You say right, sir.

I’ve been thinking a lot about words. The latest is a title that I realize no longer has any power. I’ve been trying to work out how to shift the power back into a word that has lost it. I’m not sure it’s possible.

Somehow it makes me think about who owns the words – not that owning words is technically possible but there are those that own the pipelines for disseminating those words. For example, I thought of this list  of the awards given for literature in 2013. One of them is a woman. Women appear in a very tiny percentage of reviews in the New York Times. The various structures that were created to deal with the imbalance of who owns the words are periodically plagued with “Why do we still need a separate prize for women?” Oh, that we didn’t.

I asked a friend what books he’d read if he had the time. It was a long list of very well respected writers and not one woman was on it. I don’t blame him for that one bit. If you want to find a woman on the list of well-known and well-respected writers, you’re probably going to be reaching pretty far back into history.

This is not to say that there aren’t well-respected writers in the current moment. I can name ten right now off the top of my head (Jeannette Winterson, AS Byatt, Alice Walker, Toni Morrison, Tea Albrecht, Jennifer Egan, Amy Tan, Jeanette Walls, Sarah Waters, Erin Morgenstern, Diane Setterfield) Or well known (JK Rowling, Charlaine Harris, Sue Grafton, etc) but somehow the lady writers don’t tend to qualify as Literature. They’re not Thomas Pynchon or Dom Delillo. Ladies don’t own the words.
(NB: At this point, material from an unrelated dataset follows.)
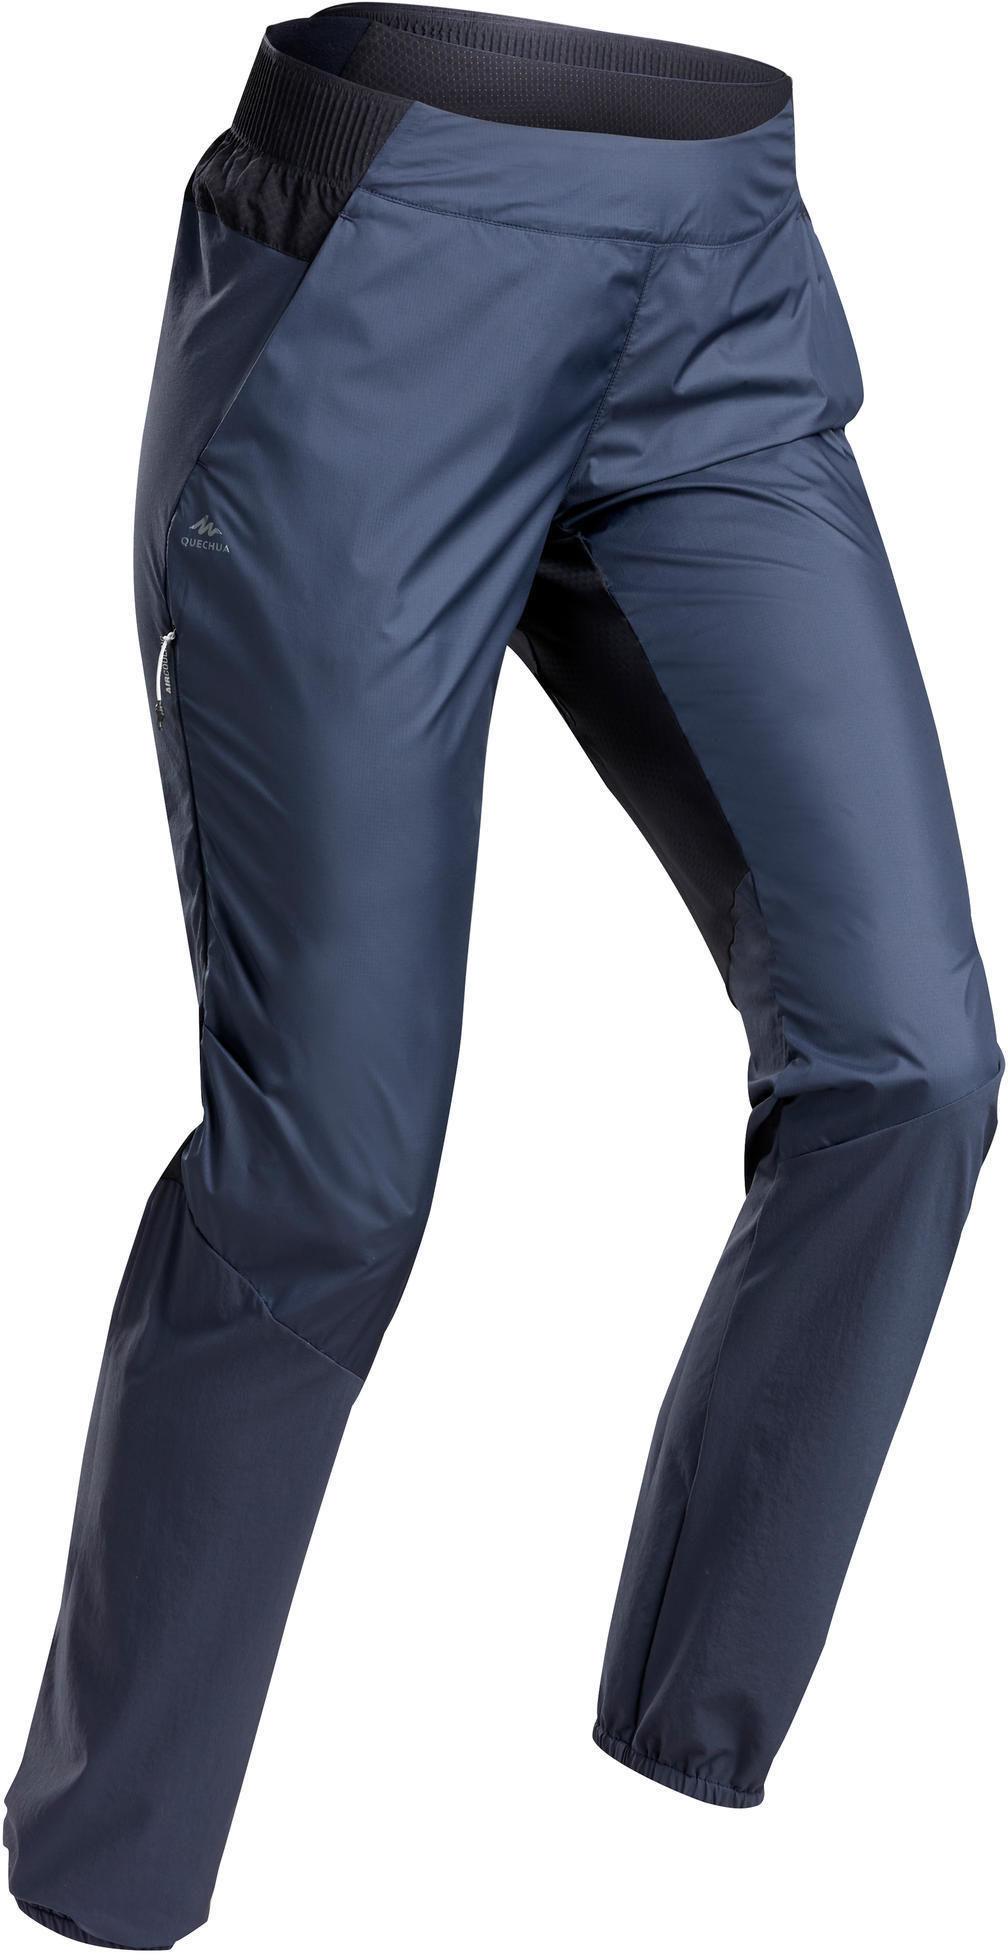 Spodnie turystyczne damskie Quechua FH500

We’re just renting them somehow.

I think a lot about The Alphabet versus The Goddess. It might be bullshit. But it’s very interesting bullshit. It’s Shlain’s sense that the invention of the alphabet killed the Goddess – that is that the development of the written language (a left brained activity) created an imbalance of masculine energy, an abundance of left-brained linearity and cultures around the world became more patriarchal as they adopted the written word.

As a lover of the written word (and the read word and the spoken word) I hate this idea a little bit. I’d like to think of this language as my own. But it might not be.